I'm new to ruby, I am solving a problem that involves hashes and key. The problem asks me to Implement a method, #pet_types, that accepts a hash as an argument. The hash uses people's # names as keys, and the values are arrays of pet types that the person owns. My question is about using Hash#each method to iterate through each num inside the array. I was wondering if there's any difference between solving the problem using hash#each or hash.sort.each?
I spent several hours coming up different solution and still to figure out what are the different approaches between the 2 ways of solving the problem below.
I include my code in repl.it: https://repl.it/H0xp/6 or you can see below:
# Pet Types
# ------------------------------------------------------------------------------
# Implement a method, #pet_types, that accepts a hash as an argument. The hash uses people's
# names as keys, and the values are arrays of pet types that the person owns.
# Example input:
# {
# "yi" => ["dog", "cat"],
# "cai" => ["dog", "cat", "mouse"],
# "venus" => ["mouse", "pterodactyl", "chinchilla", "cat"]
# }
def pet_types(owners_hash)
results = Hash.new {|h, k| h[k] = [ ] }
owners_hash.sort.each { |k, v| v.each { |pet| results[pet] << k } }
results
end
puts "-------Pet Types-------"
owners_1 = {
"yi" => ["cat"]
}
output_1 = {
"cat" => ["yi"]
}
owners_2 = {
"yi" => ["cat", "dog"]
}
output_2 = {
"cat" => ["yi"],
"dog" => ["yi"]
}
owners_3 = {
"yi" => ["dog", "cat"],
"cai" => ["dog", "cat", "mouse"],
"venus" => ["mouse", "pterodactyl", "chinchilla", "cat"]
}
output_3 = {
"dog" => ["cai", "yi"],
"cat" => ["cai", "venus", "yi"],
"mouse" => ["cai", "venus"],
"pterodactyl" => ["venus"],
"chinchilla" => ["venus"]
}
# method 2
# The 2nd and 3rd method should return a hash that uses the pet types as keys and the values should
# be a list of the people that own that pet type.
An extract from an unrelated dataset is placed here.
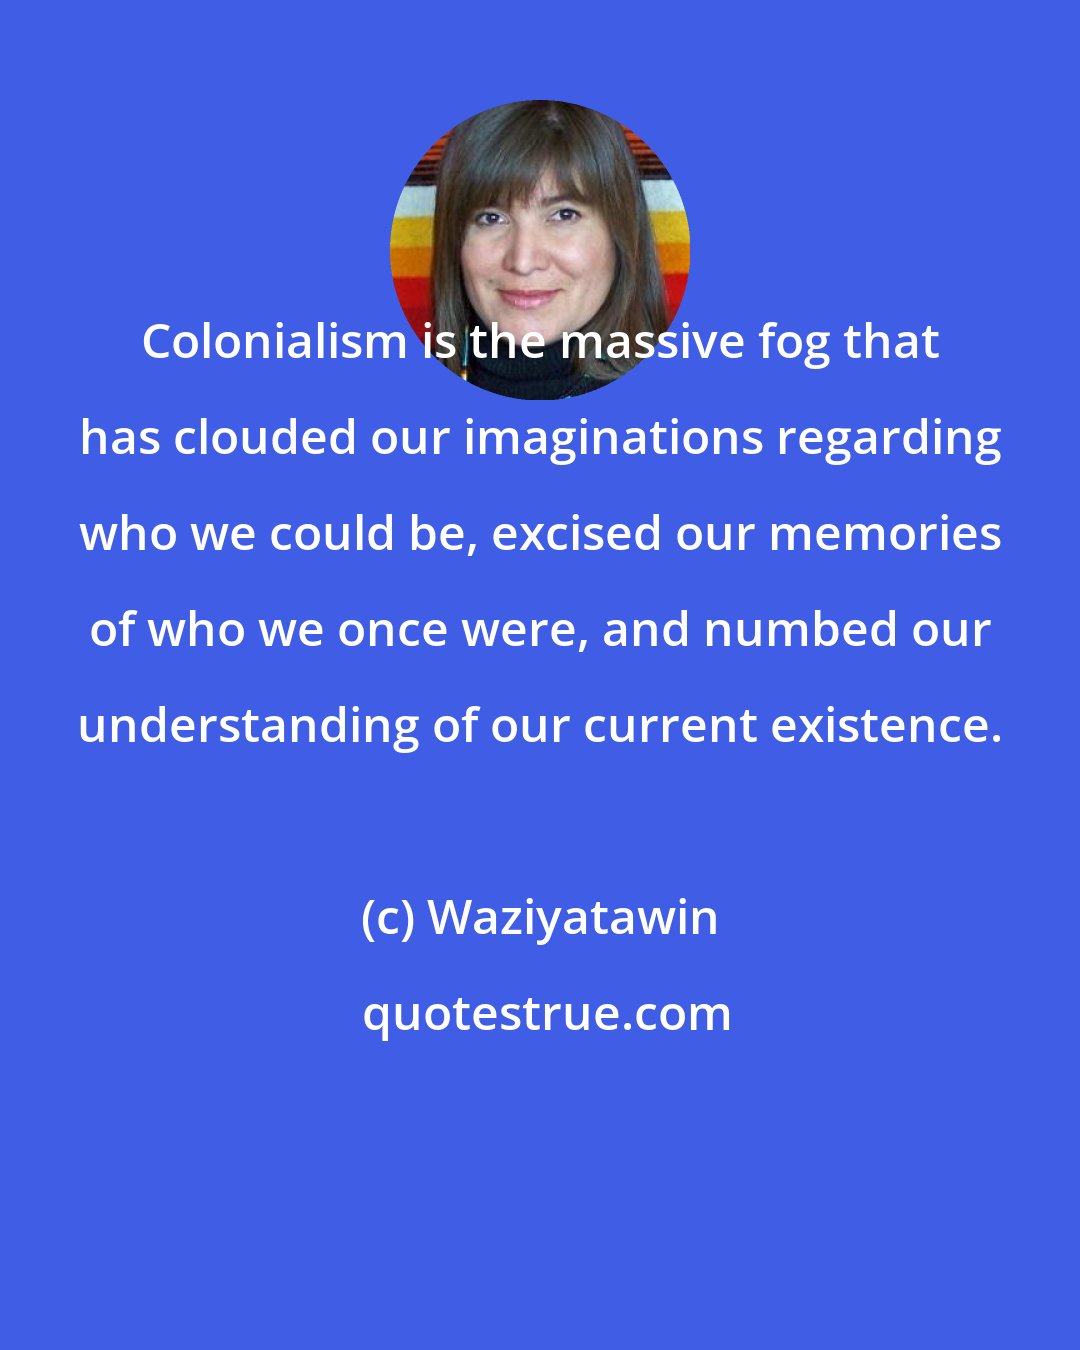 Waziyatawin: Colonialism is the massive fog that has clouded our imaginations regarding who we could be, excised our memories of who we once were, and numbed our understanding of our current existence.

The names in the output hash should
# be sorted alphabetically
# switched_hash = Hash.new()
# owners_hash.each do |owner, pets_array|
# pets_array.each do |pet|
# select_owners = owners_hash.select { |owner, pets_array|
owners_hash[owner].include?(pet) }
# switched_hash[pet] = select_owners.keys.sort
# end
# end
# method 3
#switched_hash
# pets = Hash.new {|h, k| h[k] = [ ] } # WORKS SAME AS: pets = Hash.new( Array.new )
# owners = owners_hash.keys.sort
# owners.each do |owner|
# owners_hash[owner].each do |pet|
# pets[pet] << owner
# end
# end
# pets
# Example output:
# output_3 = {
# "dog" => ["cai", "yi"],
# "cat" => ["cai", "venus", "yi"], ---> (sorted alphabetically!)
# "mouse" => ["cai", "venus"],
# "pterodactyl" => ["venus"],
# "chinchilla" => ["venus"]
# }
I used a hash data structure in my program to first solve this problem. Then I tried to rewrite it using the pet_hash. And my final codes is the following:
def pet_types(owners_hash)
pets_hash = Hash.new { |k, v| v = [] }
owners_hash.each do |owner, pets|
pets.each do |pet|
pets_hash[pet] += [owner]
end
end
pets_hash.values.each(&:sort!)
pets_hash
end
puts "-------Pet Types-------"
owners_1 = {
"yi" => ["cat"]
}
output_1 = {
"cat" => ["yi"]
}
owners_2 = {
"yi" => ["cat", "dog"]
}
output_2 = {
"cat" => ["yi"],
"dog" => ["yi"]
}
owners_3 = {
"yi" => ["dog", "cat"],
"cai" => ["dog", "cat", "mouse"],
"venus" => ["mouse", "pterodactyl", "chinchilla", "cat"]
}
output_3 = {
"dog" => ["cai", "yi"],
"cat" => ["cai", "venus", "yi"],
"mouse" => ["cai", "venus"],
"pterodactyl" => ["venus"],
"chinchilla" => ["venus"]
}
puts pet_types(owners_1) == output_1
puts pet_types(owners_2) == output_2
puts pet_types(owners_3) == output_3
Hash#sort has the same effect (at least for my basic test) as Hash#to_a followed by Array#sort.
hash = {b: 2, a: 1}
hash.to_a.sort # => [[:a, 1, [:b, 2]]
hash.sort # => the same
Now let's look at #each, both on Hash and Array.
When you provide two arguments to the block, that can handle both cases. For the hash, the first argument will be the key and the second will be the value. For the nested array, the values essentially get splatted out to the args:
[[:a, 1, 2], [:b, 3, 4]].each { |x, y, z| puts "#{x}-#{y}-#{z}" }
# => a-1-2
# => b-3-4
So basically, you should think of Hash#sort to be a shortcut to Hash#to_a followed by Array#sort, and recognize that #each will work the same on a hash as a hash converted to array (a nested array). In this case, it doesn't matter which approach you take. Clearly if you need to sort iteration by the keys then you should use sort.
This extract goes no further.